# Simplification of early phases of the CakeML compiler
This is a roadmap to simplification of the CakeML compiler's early phases.
## Motivation
In its current form:
- The CakeML compiler reserves a slot in the globals array for every top-level bound name, even though many of the names won't be used past `flat_elim` and `clos_known`. This is an inefficiency.
- The `clos_known` compiler pass is complicated and trying to rediscover information (which closure is called through which global) that was lost earlier in the compilation chain. It also performs inlining but due to its position in the chain of passes it cannot inline any expression that contains a closure.
- The FlatLang and ClosLang ILs include a complicated `Letrec` construct. Proofs about these languages would become simpler if we were able to remove `Letrec` from FlatLang and ClosLang.
- The `source_to_flat` pass loses too much program structure. At present, if a user writes `local fun f n = ... in fun g k = ... end` the output of `source_to_flat` makes `f` and `g` seem equally globally available in its output. This hampers future optimisations.
## New design
The new design will address all of the points above. Early phases of the compiler will be:
1. source-to-source passes:
- dead code elimination
- perform inlining (mandatory for simple functions such as `+`, but optional for recursive functions such as `map`)

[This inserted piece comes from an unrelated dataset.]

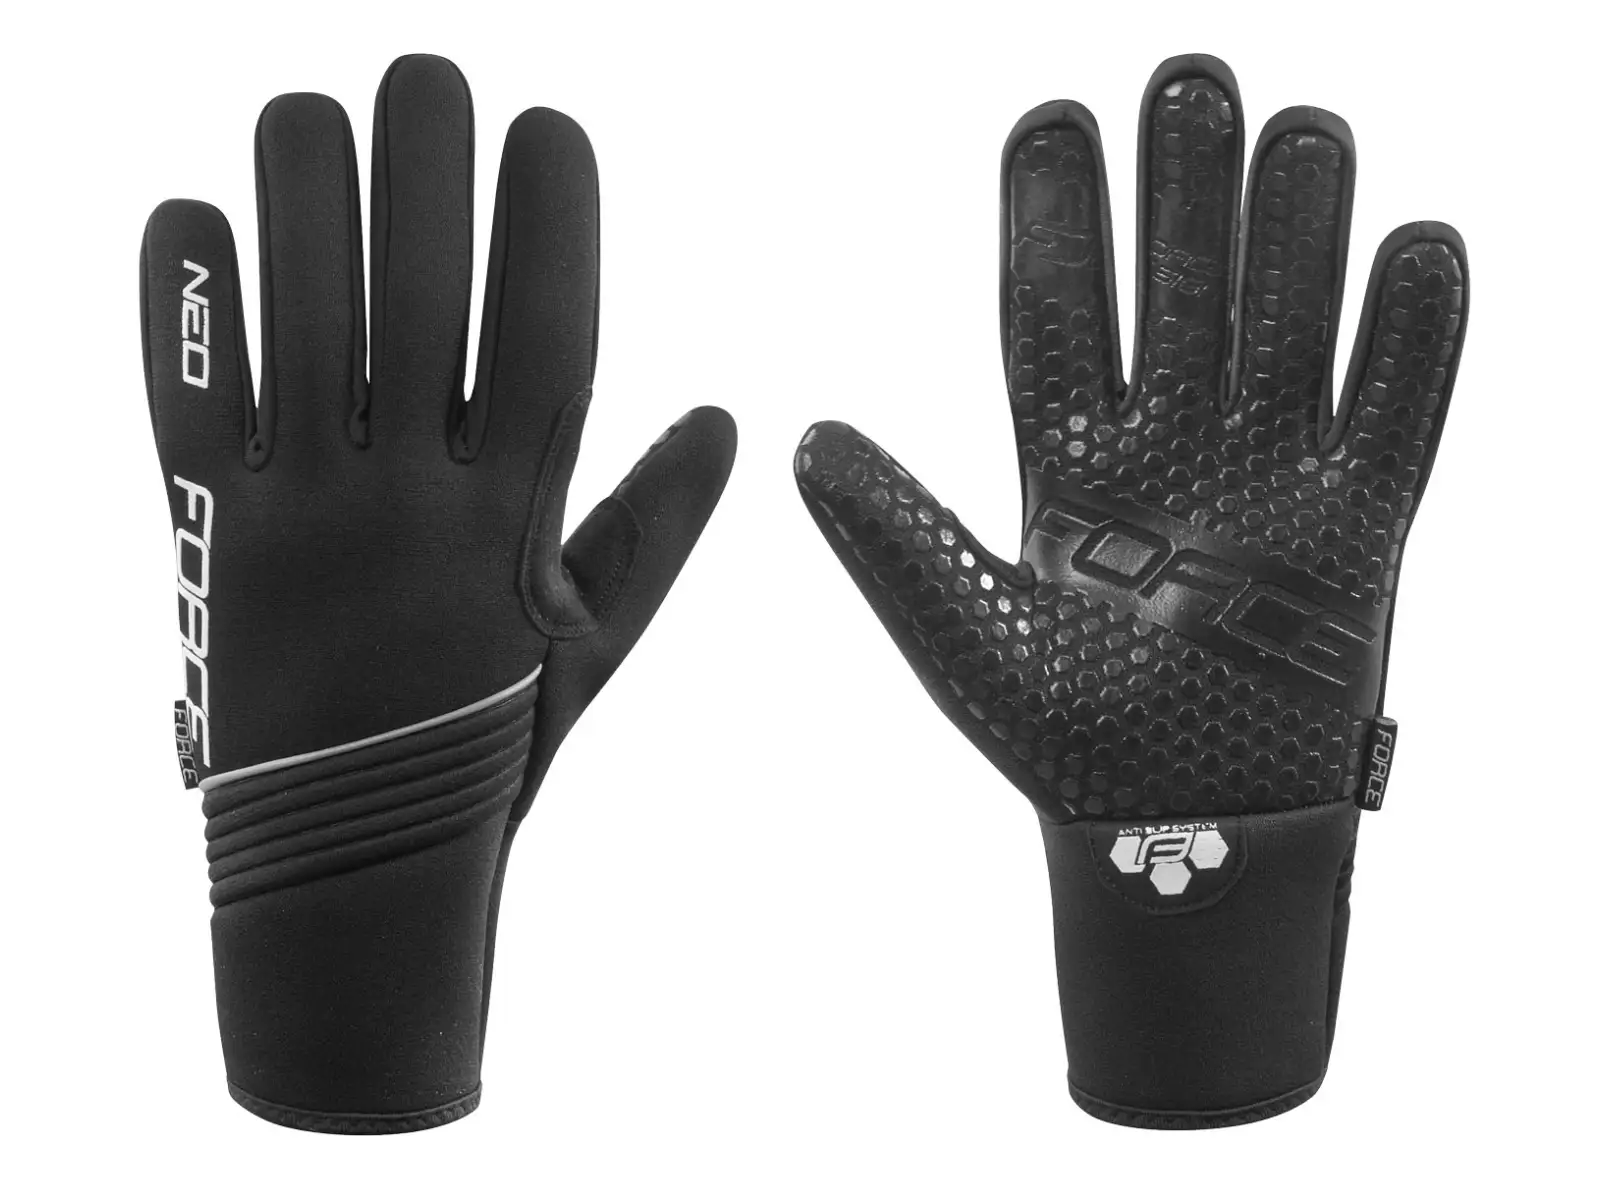 Force Neo zimní rukavice neopren černá

- lift constants to top-level declarations
- lambda lifting, in particular all letrecs are listed to the declaration level
2. the source-to-flat pass modified so that:
- performs the duties of the current `clos_call`
- allocates global slots _and code table slots_
- all declaration-level closures are turned into code table entries, the others are put into globals
- intead of outputting a list of declarations, this pass should generate strucutred output that, via its shape, indicates which functions can refer by name to which other functions
- the list of top-level declarations will be packaged into a main function in the output and that main function will be tagged as execute-once (so that clos_interp still works)
3. FlatLang:
- there will be a code table (like currently in ClosLang)
- there won't be any declarations
- there won't be any `Letrec`
- `flat_elim` will be removed
4. ClosLang:
- there won't be any `Letrec`
- `clos_known` will be removed
- `clos_call` will be removed
5. The rest of the compiler is unchanged, except the structured output of `source_to_flat` should ideally be propagated through the entire compiler.
## Roadmap
Note that the none of the proposed changed require changes to the source semantics.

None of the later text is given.